Frans Krajcberg: discover the artist's works and environmental activism
A plastic artist based in Brazil, Frans Krajcberg showed with his works that there were still reasons to shout in the name of nature
Man's first form of language was the “cry of nature”. According to the French philosopher Jean-Jacques Rousseau, men used sounds to call for help in danger or to relieve themselves from violent pain. Frans Krajcberg's cry (1921 - 2017) was similar to this primitive language, in that it denounced man's violence against nature and exposed the pain of devastated forests. The plastic artist, awarded at the Venice Biennale, the São Paulo Bienal and the Salão de Arte Moderna, among others, was very important in the panorama of Brazilian art and developed a powerful activism work with his works in painting, sculpture and photography.
- Art and the environment: major aspects and questioning powers
Frans Krajcberg
Born in Kozienice, Poland, in 1921, the artist lost his entire family to the holocaust. In the four years he spent in the war, Frans Krajcberg faced the darkest face of human beings, violence. After all this barbarity, the plastic artist found refuge in the beauty of nature's forms. He settled in Brazil, where he arrived in 1948.

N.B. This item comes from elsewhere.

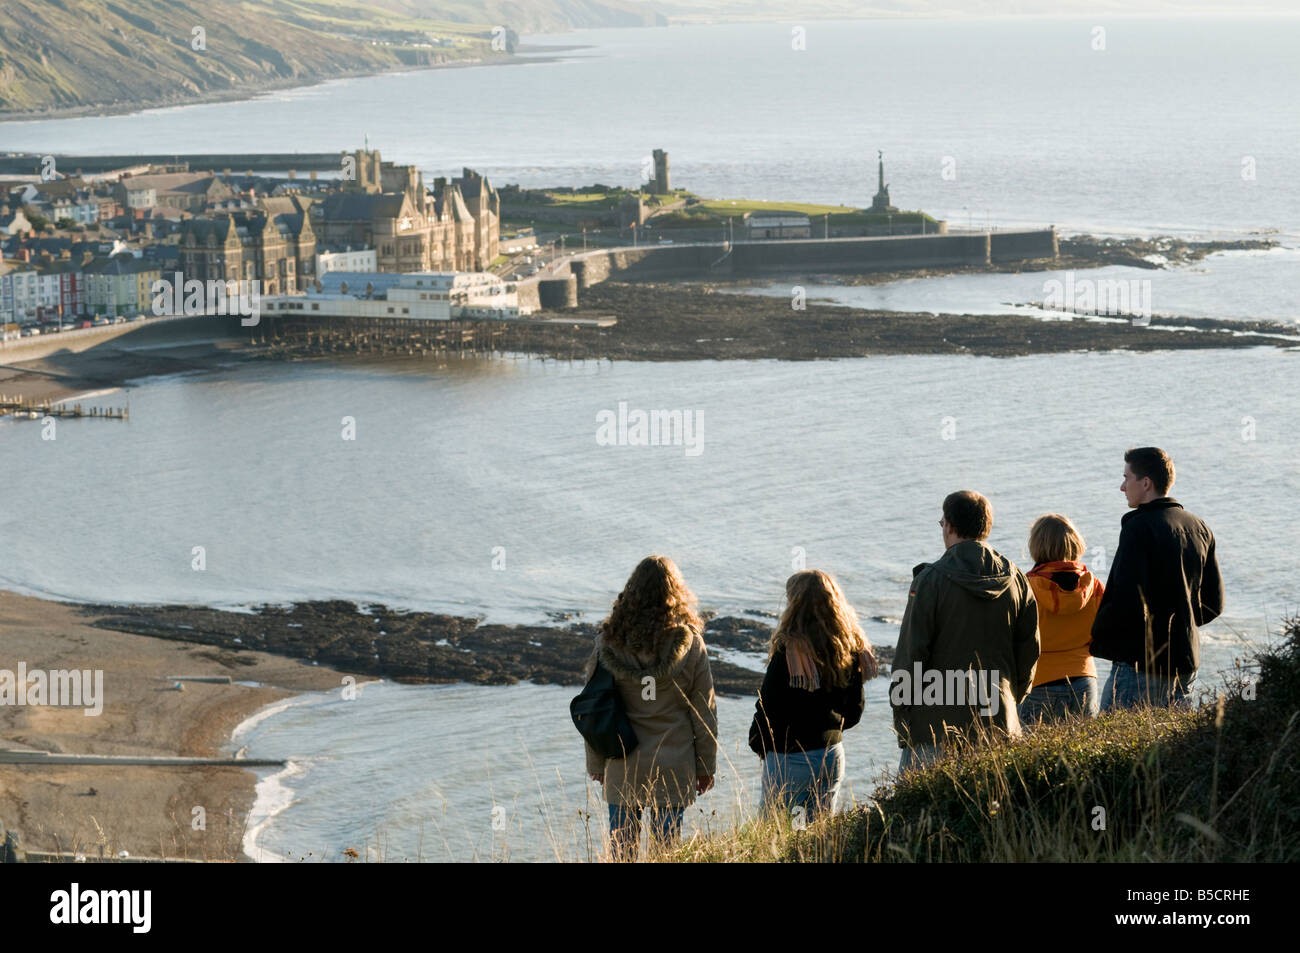 Gruppe von 5 Studenten auf Constitution Hill mit Blick auf die Stadt am Meer Resort von Aberystwyth Wales UK Herbstnachmittag Stockfoto

In the 1960s, Krajcberg lived in the interior of Minas Gerais, in a cave in the mining region of Itabirito - there he extracted the pigments from his paints. But it was on visiting southern Bahia, more precisely Nova Viçosa, at the invitation of his friend and architect Zanine Caldas, that the artist found his refuge for life. “I thought: 'My God, how much wealth it has, movement it has, that art ignores. I stay here”, said Frans Krajcberg in the documentary “The scream of nature”, produced by TV Brasil.
Frans Krajcberg spent his last years in Nova Viçosa, where he maintained his studio at Sítio Natura, surrounded by the only remaining portion of Atlantic Forest in the region. He died in Rio de Janeiro, in 2017, leaving a huge amount of works focused on the relationship between art and the environment.
Frans Krajcberg's scream
In a world where individualism and indifference make everyday life cold and violent, Frans Krajcberg's cry is still and increasingly necessary. He fought and shouted against what he called the barbarism of man against man and humanity against nature. “This is my life, to scream louder and louder against this barbarism that man practices”, he revealed. He made his art a cry of revolt by transforming charred trunks and branches into sculptures. "I want my works to be a reflection of the burnings. That's why I use the same colors: red and black, fire and death."
Photo: Cael Carvalho
Trunks and roots charred by fires that cut down dense green areas to turn them into pasture were the material of Frans Krajcberg's works. He collected what the fire left behind and transformed the materials so that they could cry for help in the name of the Amazon. “I try to express myself with this broken, murdered material, all this to show: look, yesterday it was a beautiful tree, today it is a burnt stick”, he said. He also recorded photos of forests and had thousands of photos of wildfires and the destruction of nature.
The plastic artist denounced the burnings in Paraná, the exploitation of minerals in Minas Gerais and deforestation in the Amazon. In addition, he defended the turtles in Nova Viçosa and placed himself in front of a tractor to avoid the construction of an avenue in the city. His activism in favor of the environment was thrilling. Frans Krajcberg was an artist who provoked reflections and dialogues with his protests. The ideas defended by his visceral works continue to be important and necessary in our society.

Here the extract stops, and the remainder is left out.